The Indonesian government is redesigning its automotive tax incentives for 2026, shifting focus from exclusively electric vehicles (BEV) to a broader policy that includes gasoline and hybrid cars. This revamped scheme plans to offer tax exemptions, including PPnBM and VAT waivers up to 100%, for gasoline cars priced below IDR 275 million (approximately $18,000) and hybrid or electric vehicles below IDR 375 million (about $24,500).
This policy shift comes amid pressure on the automotive industry, as several incentive programs for electric vehicles are set to expire in 2026. Industry players now await clear guidelines from the government, as uncertainty around the incentive structure threatens pricing stability and consumer demand.
Three Possible Scenarios for Automotive Tax Incentives in 2026
Economic analyst Josua Pardede outlined three potential outcomes regarding the expiration of BEV incentives, discussed during the National Automotive Industry Dialogue at IIMS 2026.
Complete Termination of Incentives
If all incentives end, normal tax rates such as PPnBM and import duties will resume. This will likely increase electric vehicle prices significantly. Higher prices could suppress automotive sales in a year already forecasted to see weakening domestic demand. Josua emphasized, “If these incentives do not continue, it will substantially affect automotive sales performance in 2026.”Extension of All Current Incentives
Extending incentives could ease market pressures and support sales stability. However, Josua warned that this scenario is unlikely, given fiscal constraints. Indonesia’s budget deficit in the previous year approached 3% of GDP, limiting government spending capacity. Additionally, the 2026 fiscal plan targets tax revenue growth of around 13% while maintaining high priority expenditure commitments.- Partial or Targeted Incentives
The most feasible approach could be partial continuation or more selective incentives. For example, support may focus on first-time buyers or manufacturers meeting local content requirements (Tingkat Komponen Dalam Negeri, TKDN). This strategy aims to maximize economic impact and promote domestic industry growth, reflecting a more tailored fiscal policy approach.
Domestic Market Conditions and Production Dynamics
The domestic vehicle market contracted by roughly 7.2% year-on-year, signaling softness in consumer demand.
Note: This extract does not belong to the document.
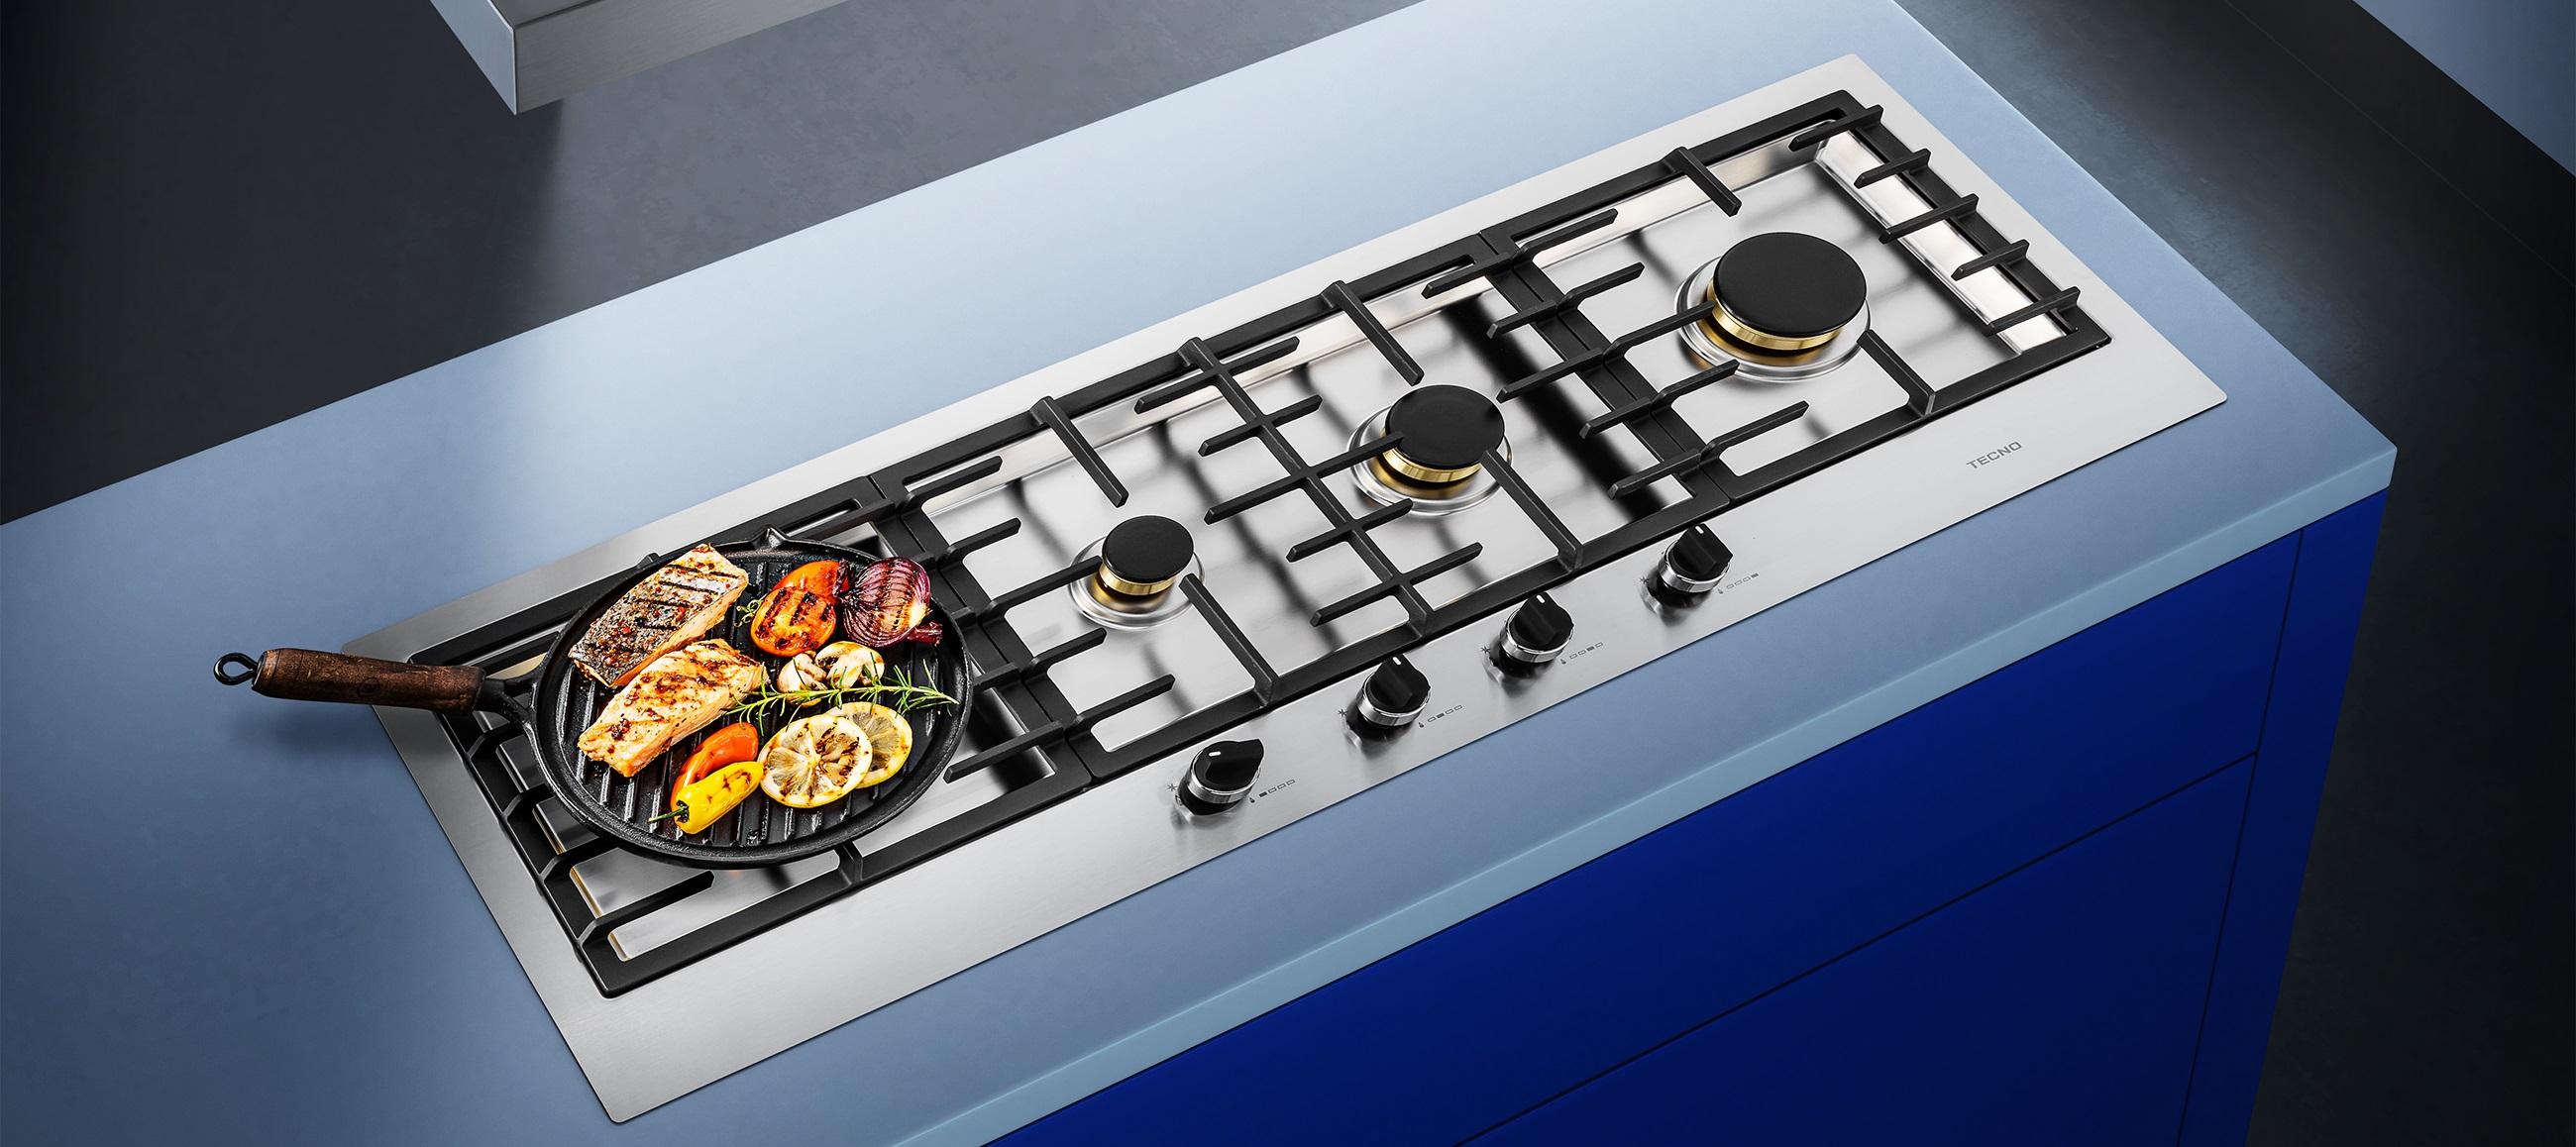 Cooktop Tecno TH11 GX4 com mesa semi-filo em inox.

Despite this, vehicle production in 2025 remained relatively stable, supported in part by steady export volumes. Export sales serve as a critical buffer for the industry amid declines in the local market.
While production of electric vehicles in Indonesia remains smaller compared to conventional models, investments by several manufacturers in local assembly facilities indicate potential capacity growth. This expansion could enhance Indonesia’s position as a regional EV production hub and boost export opportunities.
Fiscal and Economic Considerations
The government faces a delicate balancing act between supporting industrial growth and maintaining fiscal discipline. Incentive programs require budget allocations that must be weighed against other national priorities. Kementerian Keuangan (Ministry of Finance) continues evaluating the productivity and real economic impact of fiscal incentives.
Josua advises policymakers to adopt a comprehensive perspective, stating, “From a fiscal incentive viewpoint, continuous evaluation is vital to understand both economic returns and long-term sustainability.” This outlook reflects a broader global trend of recalibrating tax policies to balance stimulus with fiscal responsibility.
Implications for Consumers and Industry
For consumers, the uncertainty over tax incentives complicates decisions on vehicle purchases, especially for electric and hybrid options. Price increases from expired subsidies may dampen demand, slowing the transition toward greener mobility.
Industry stakeholders must prepare for various outcomes, including potential price adjustments and shifts in demand patterns. Manufacturers with strong local supplier networks and compliance with TKDN may benefit from targeted incentives.
Potential Government Measures Moving Forward
The government may consider implementing the following steps to support the automotive sector in 2026:
- Maintain partial PPnBM and VAT exemptions for selected vehicle categories.
- Prioritize incentives for first-time car buyers or low-income groups to stimulate domestic consumption.
- Enforce TKDN thresholds to encourage local content in production and promote domestic industry.
- Strengthen policies facilitating EV infrastructure to boost market readiness.
- Monitor market responses closely to adjust incentives dynamically and efficiently.
Conclusion
The future of Indonesia’s automotive tax incentives in 2026 remains in flux, with significant implications for market stability and industry development. The government’s approach to balancing economic growth, fiscal health, and industrial competitiveness will shape the sector’s trajectory. Stakeholders eagerly await formal announcements to align strategies with emerging policies.
As Indonesia navigates this transition, the direction of tax incentives will be a key determinant for automotive market performance and the country’s ambitions as a regional electric vehicle manufacturing base.